What the task asks => Word for word, copy out the data below, omitting pictures.

Material provided =>
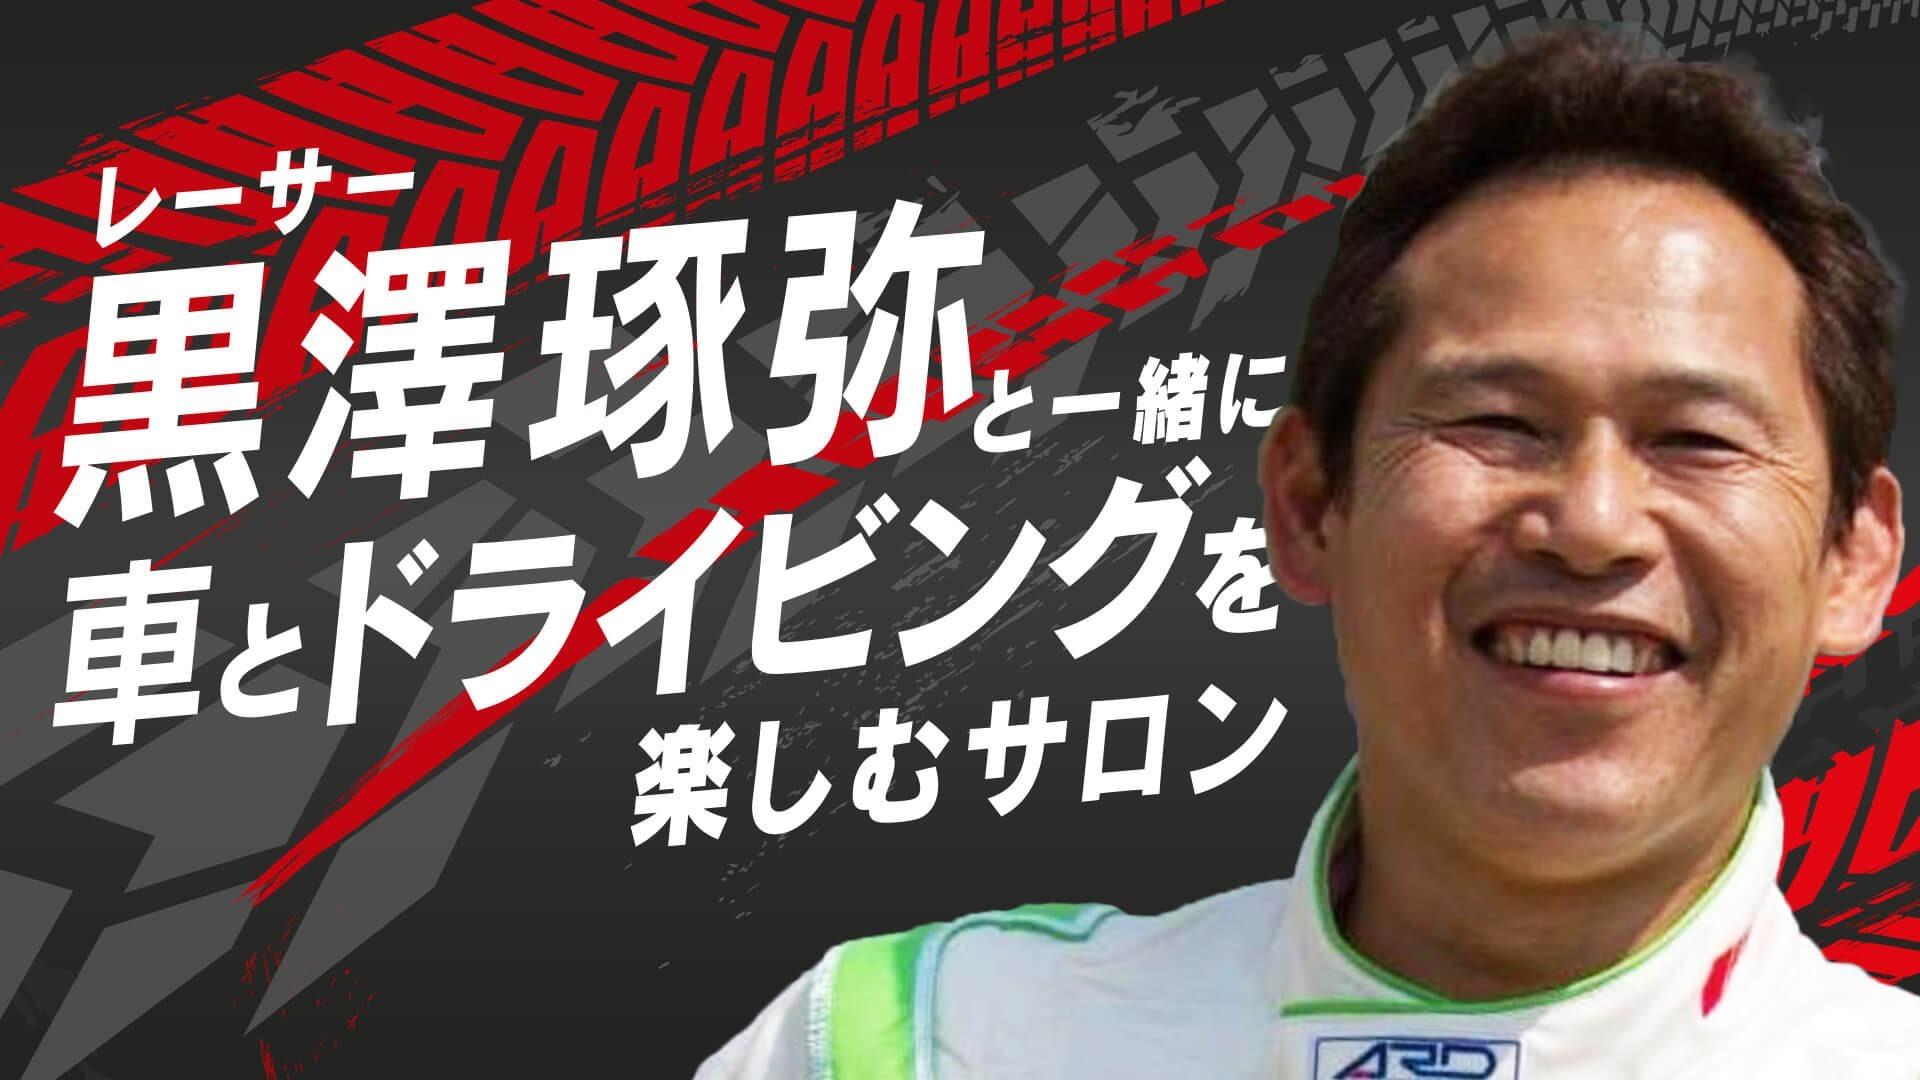 レーサー黒澤琢弥と一緒に車とドライビングを楽しむサロン
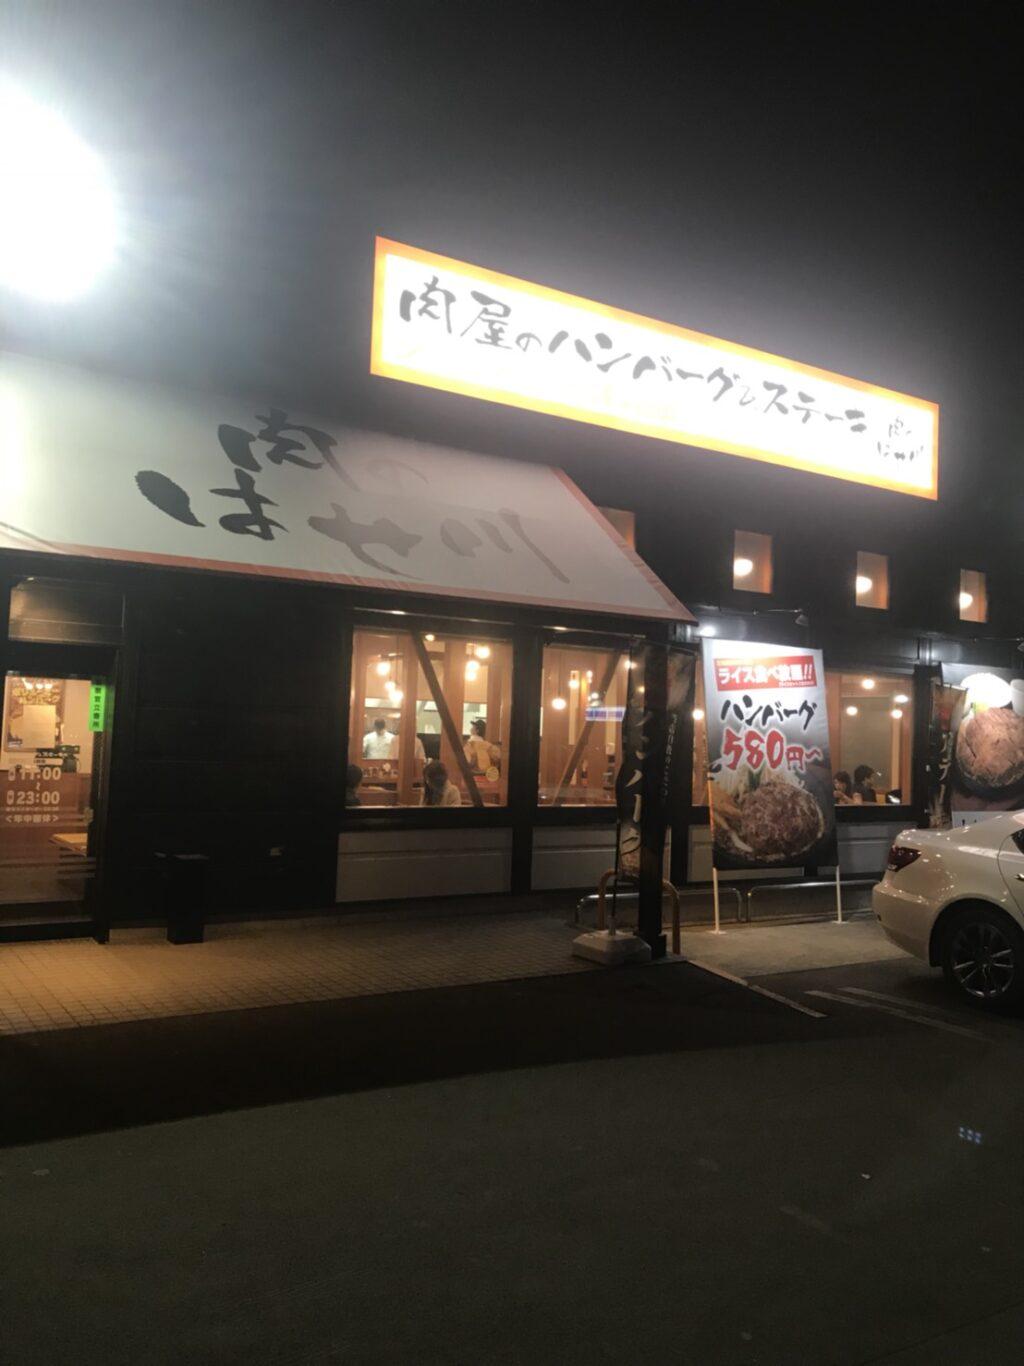 肉のはせ川(札幌市清田区)のプレオープンに行った感想レビュー
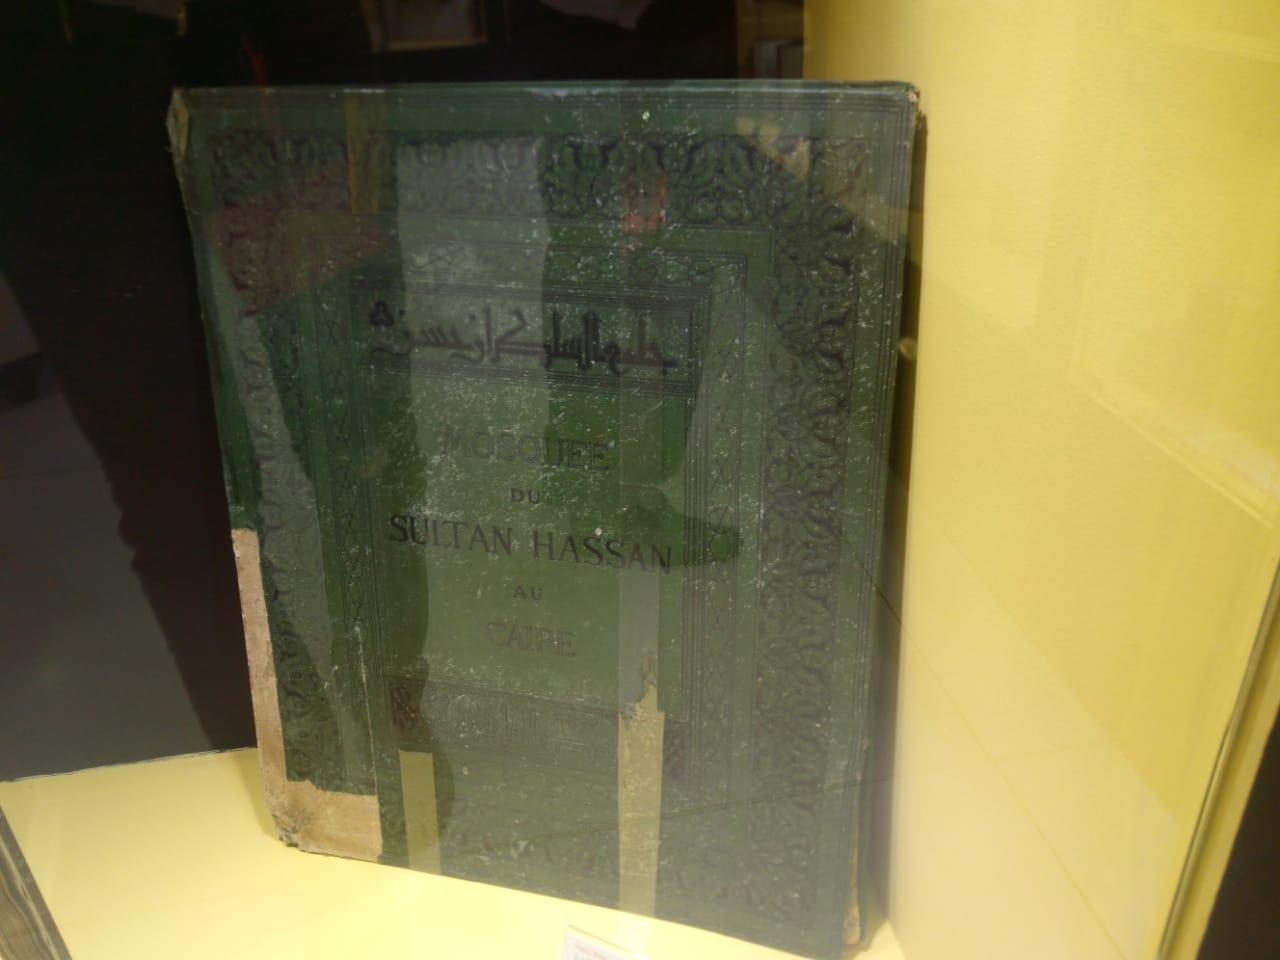 الطعبة الأولى لكتاب يتناول مسجد السلطان حسن عمره 119 عام (2)

Answer space =>
 レーサー黒澤琢弥と一緒に車とドライビングを楽しむサロン
 肉のはせ川(札幌市清田区)のプレオープンに行った感想レビュー
 الطعبة الأولى لكتاب يتناول مسجد السلطان حسن عمره 119 عام (2)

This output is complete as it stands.